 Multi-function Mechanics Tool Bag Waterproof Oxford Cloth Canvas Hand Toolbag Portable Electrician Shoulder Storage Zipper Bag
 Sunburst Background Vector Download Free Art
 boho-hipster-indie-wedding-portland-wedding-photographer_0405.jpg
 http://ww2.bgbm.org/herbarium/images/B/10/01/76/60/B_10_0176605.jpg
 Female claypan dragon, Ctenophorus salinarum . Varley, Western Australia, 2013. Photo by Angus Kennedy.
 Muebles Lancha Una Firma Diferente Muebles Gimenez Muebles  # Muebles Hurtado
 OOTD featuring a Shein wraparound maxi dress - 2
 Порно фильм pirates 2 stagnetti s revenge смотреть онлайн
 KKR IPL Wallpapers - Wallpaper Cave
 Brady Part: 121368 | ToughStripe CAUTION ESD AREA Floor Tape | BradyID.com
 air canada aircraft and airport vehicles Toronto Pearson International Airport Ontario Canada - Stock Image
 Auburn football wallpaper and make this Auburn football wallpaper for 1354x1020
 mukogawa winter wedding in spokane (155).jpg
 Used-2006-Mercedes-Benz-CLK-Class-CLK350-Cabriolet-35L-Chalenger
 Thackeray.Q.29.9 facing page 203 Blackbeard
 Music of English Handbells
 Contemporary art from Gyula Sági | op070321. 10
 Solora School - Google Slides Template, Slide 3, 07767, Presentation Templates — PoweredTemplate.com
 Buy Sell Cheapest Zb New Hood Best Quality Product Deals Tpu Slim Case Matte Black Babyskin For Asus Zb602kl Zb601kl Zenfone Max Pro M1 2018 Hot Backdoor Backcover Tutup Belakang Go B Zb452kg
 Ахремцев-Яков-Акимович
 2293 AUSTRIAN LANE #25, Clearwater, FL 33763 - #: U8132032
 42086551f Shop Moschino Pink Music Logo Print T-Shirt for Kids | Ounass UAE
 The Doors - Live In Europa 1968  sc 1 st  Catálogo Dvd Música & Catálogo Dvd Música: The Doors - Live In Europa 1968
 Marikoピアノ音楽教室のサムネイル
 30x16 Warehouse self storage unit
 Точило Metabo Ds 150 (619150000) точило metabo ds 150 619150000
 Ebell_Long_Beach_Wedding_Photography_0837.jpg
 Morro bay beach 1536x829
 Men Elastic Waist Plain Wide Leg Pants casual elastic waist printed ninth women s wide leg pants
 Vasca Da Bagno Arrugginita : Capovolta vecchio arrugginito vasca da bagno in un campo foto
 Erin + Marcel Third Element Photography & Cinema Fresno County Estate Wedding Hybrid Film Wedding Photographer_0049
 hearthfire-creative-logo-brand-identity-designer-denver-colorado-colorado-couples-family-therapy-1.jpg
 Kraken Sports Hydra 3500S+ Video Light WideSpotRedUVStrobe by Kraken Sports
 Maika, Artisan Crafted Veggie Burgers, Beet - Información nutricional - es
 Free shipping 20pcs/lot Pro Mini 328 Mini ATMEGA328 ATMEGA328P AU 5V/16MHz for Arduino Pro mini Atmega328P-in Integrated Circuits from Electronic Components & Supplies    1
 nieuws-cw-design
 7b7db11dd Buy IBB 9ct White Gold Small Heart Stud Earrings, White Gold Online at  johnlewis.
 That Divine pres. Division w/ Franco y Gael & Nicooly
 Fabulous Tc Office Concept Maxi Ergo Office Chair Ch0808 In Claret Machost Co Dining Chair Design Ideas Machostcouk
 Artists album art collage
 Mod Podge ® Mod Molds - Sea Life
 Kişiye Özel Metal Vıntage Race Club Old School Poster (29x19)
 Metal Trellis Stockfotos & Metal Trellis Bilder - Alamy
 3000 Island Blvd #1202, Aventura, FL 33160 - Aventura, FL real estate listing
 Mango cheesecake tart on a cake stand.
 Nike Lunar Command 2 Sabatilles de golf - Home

──────────

== Task statement ==
Gather all lines with the string "Music" from the data.

== Answer below ==
 Music of English Handbells
 42086551f Shop Moschino Pink Music Logo Print T-Shirt for Kids | Ounass UAE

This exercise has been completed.